Она взволнованно коснулась своих распущенных, пышных, украшенных и сдерживаемых только узкой белой лентою волос, но уж об этом-то князь Федор, слава богу, догадался позаботиться! Ругая себя за забывчивость, он проворно выхватил из-за пазухи свиток лионского кружева и развернул его. Маша тихо ахнула, всплеснула руками, не решаясь прикоснуться к этой изумительной красоте, и князь Федор залюбовался вместе с нею, ибо кружево было легким, как вздох, прозрачным, как туман, оно серебрилось, как снежные искры, и, чудилось, было соткано из света звезд, окаймлено нитью лунного сияния.

Но настала пора идти. Князь Федор выглянул за дверь, и тут же перед ним из тьмы, как чертик из преисподней, возник Савка. Он явился так внезапно, что князь даже отшатнулся испуганно, однако тут же был отмщен: при виде Марии, невесомо выплывшей из комнаты, Савка разинул враз глаза и рот и несколько раз торопливо перекрестился, как если бы увидел призрак.

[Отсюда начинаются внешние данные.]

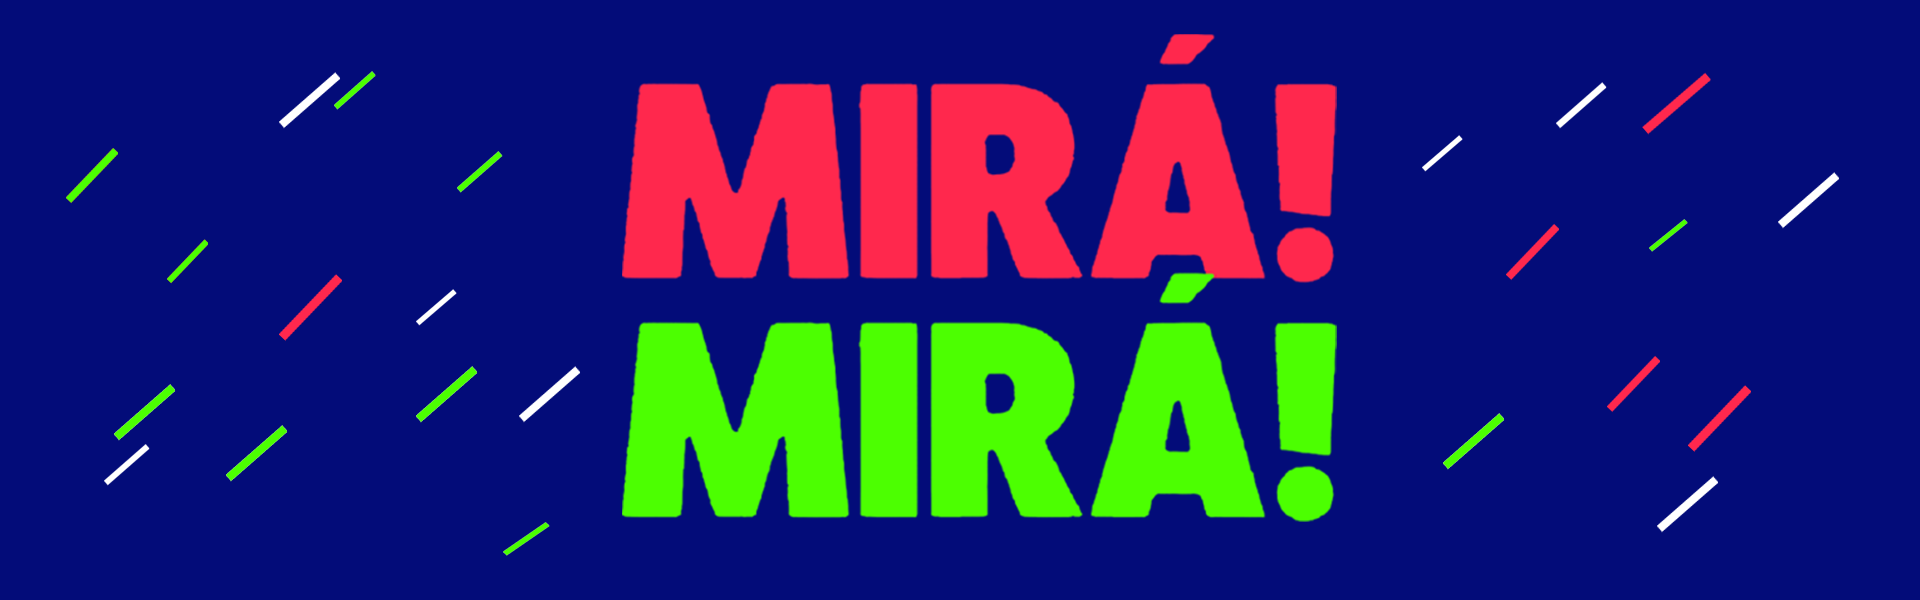 banner-miramira

Не то от страха, не то из великого почтения он повалился на колени и припал лбом к полу, а Маша об руку с женихом поплыла по коридору, чуть касаясь пола. Однако страх Савки кое-что подсказал князю Федору. Не ровен час, откроет глаза кто-то из спящих охранников… дай бог ему тут же испустить дух от ужа-са, ну а если попадется не из пугливых? Похоже, Савка подумал о том же, потому что, очнувшись, сунул барину в руки тяжелый плащ (наверное, это и было содержимое таинственного Савкина узла, подумал князь Федор), под которым тот с величайшим сожалением скрыл сияющую красоту невестина платья.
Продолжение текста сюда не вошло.